WHAT YOU HAVE TO DO: Please give back the listing below word for word, without the images.

DATASET SECTION:
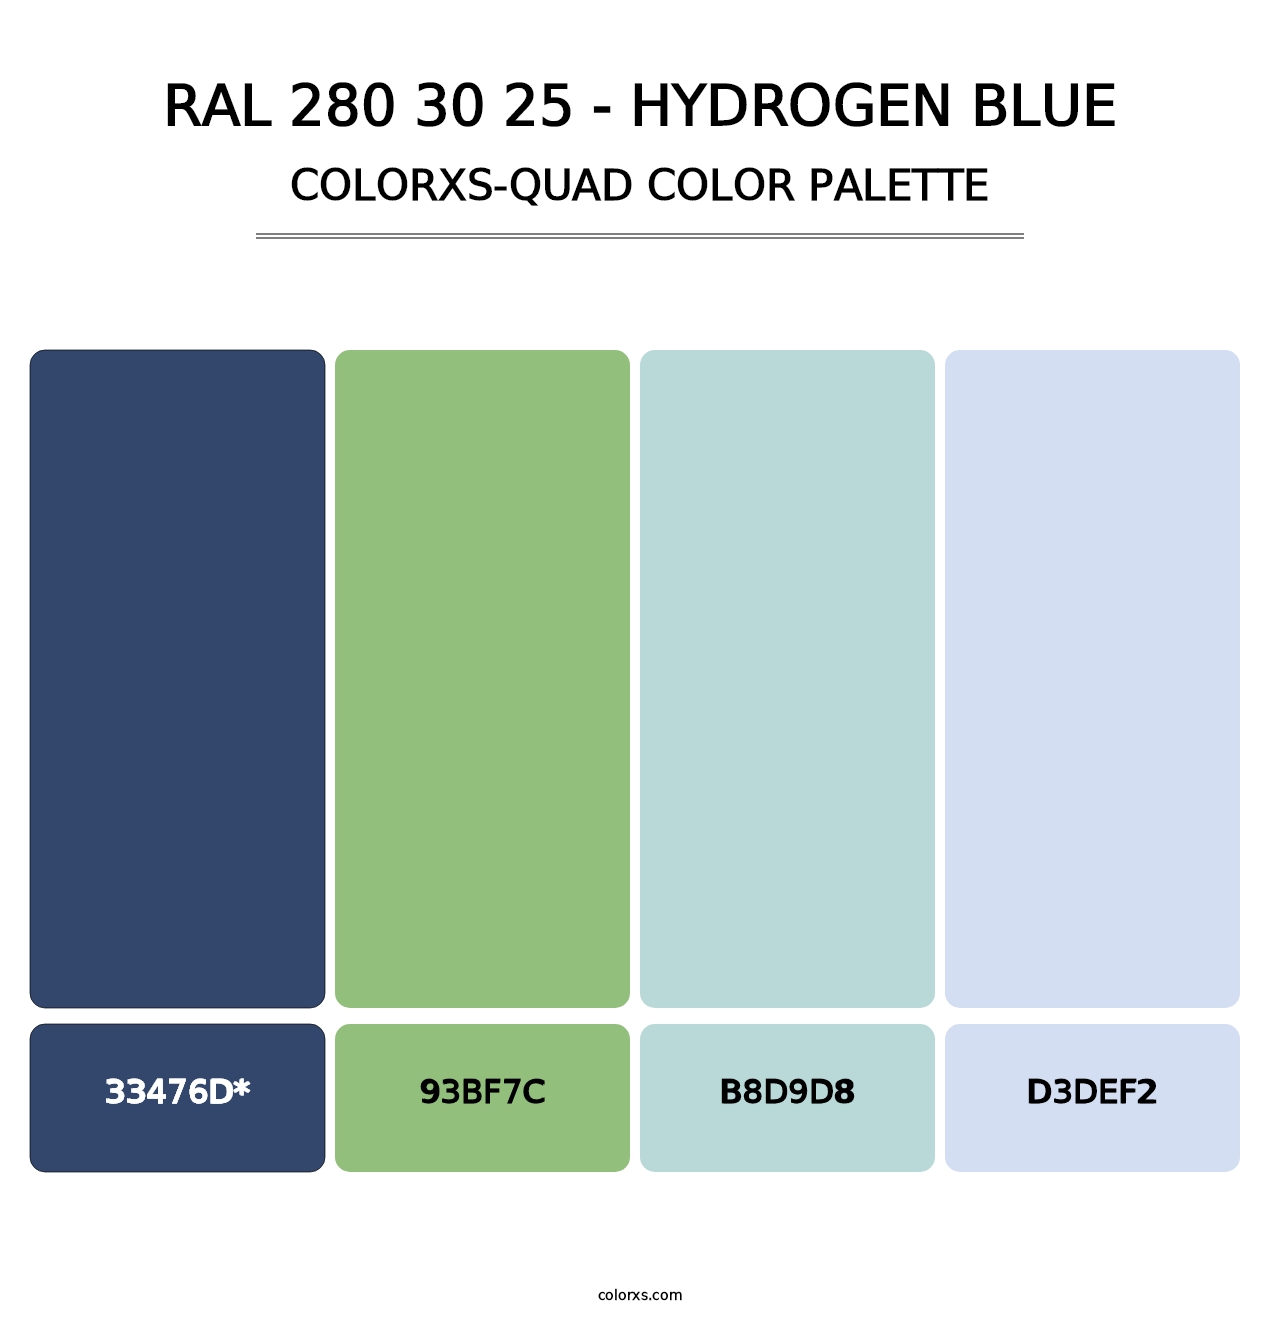 RAL 280 30 25 - Hydrogen Blue - Colorxs Quad Palette
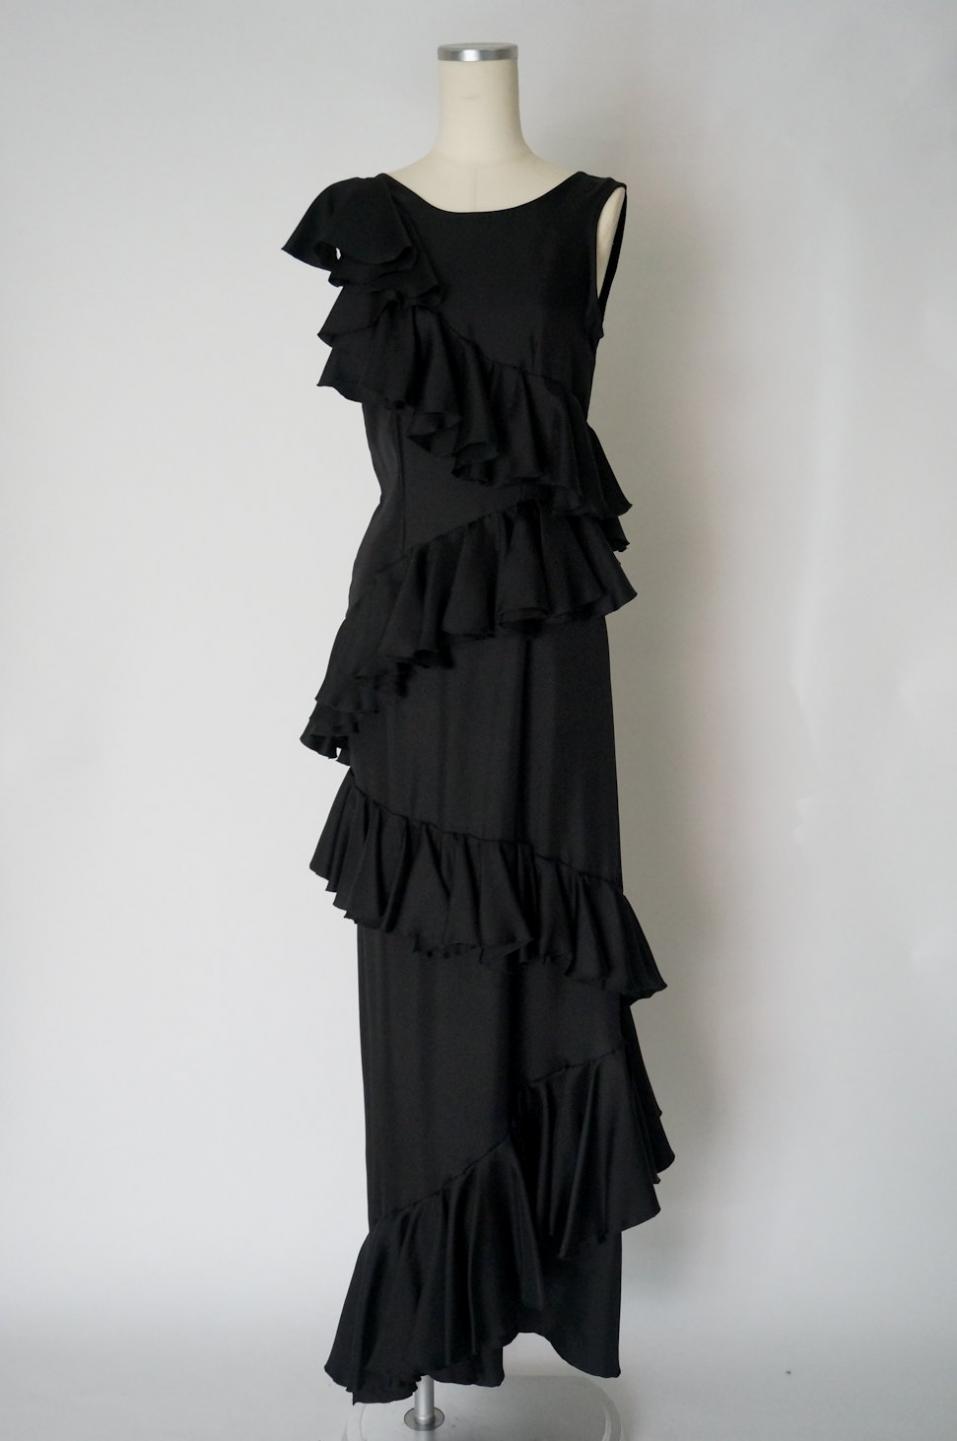 サフィア イースト フリルロングドレス レンタルリトルブラックドレス テン Rental Little Black Dress Ten
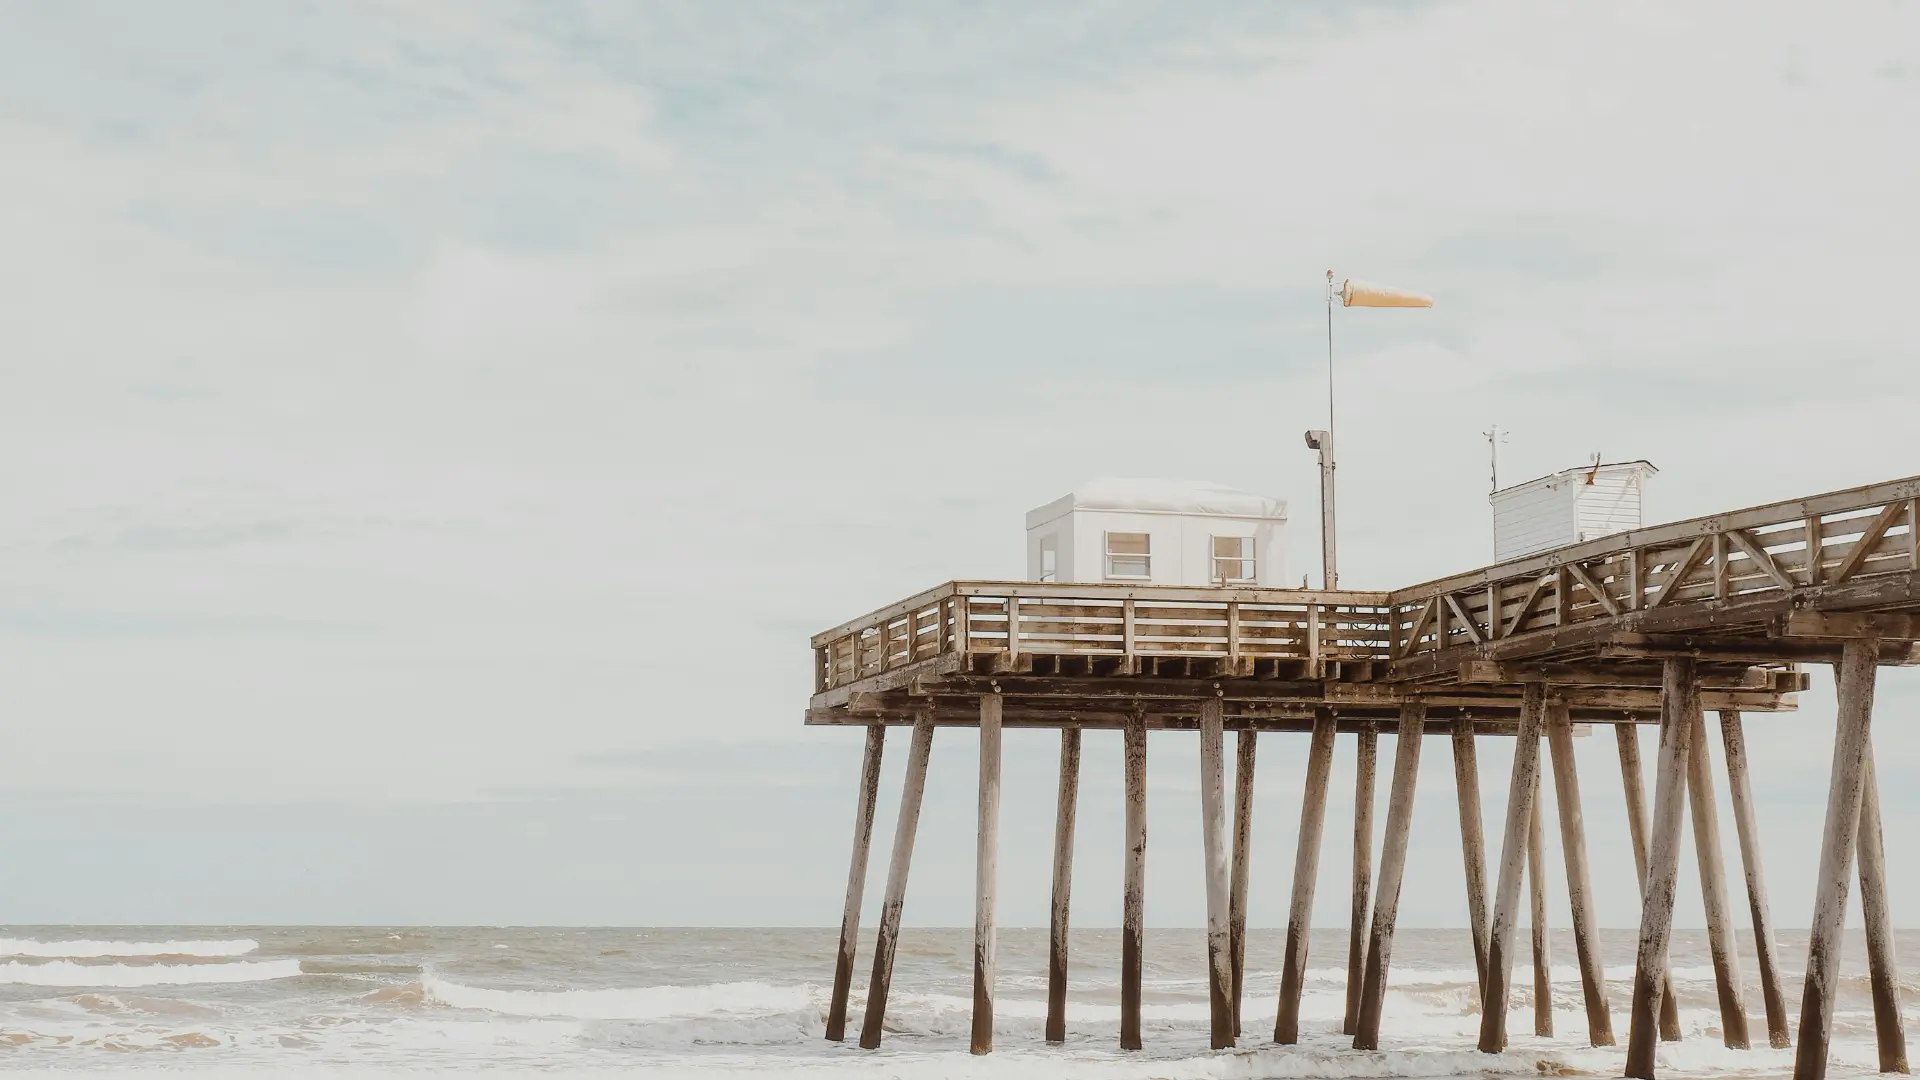 A wooden pier extending over the ocean in Ocean City

PROBLEM SOLUTION:
 RAL 280 30 25 - Hydrogen Blue - Colorxs Quad Palette
 サフィア イースト フリルロングドレス レンタルリトルブラックドレス テン Rental Little Black Dress Ten
 A wooden pier extending over the ocean in Ocean City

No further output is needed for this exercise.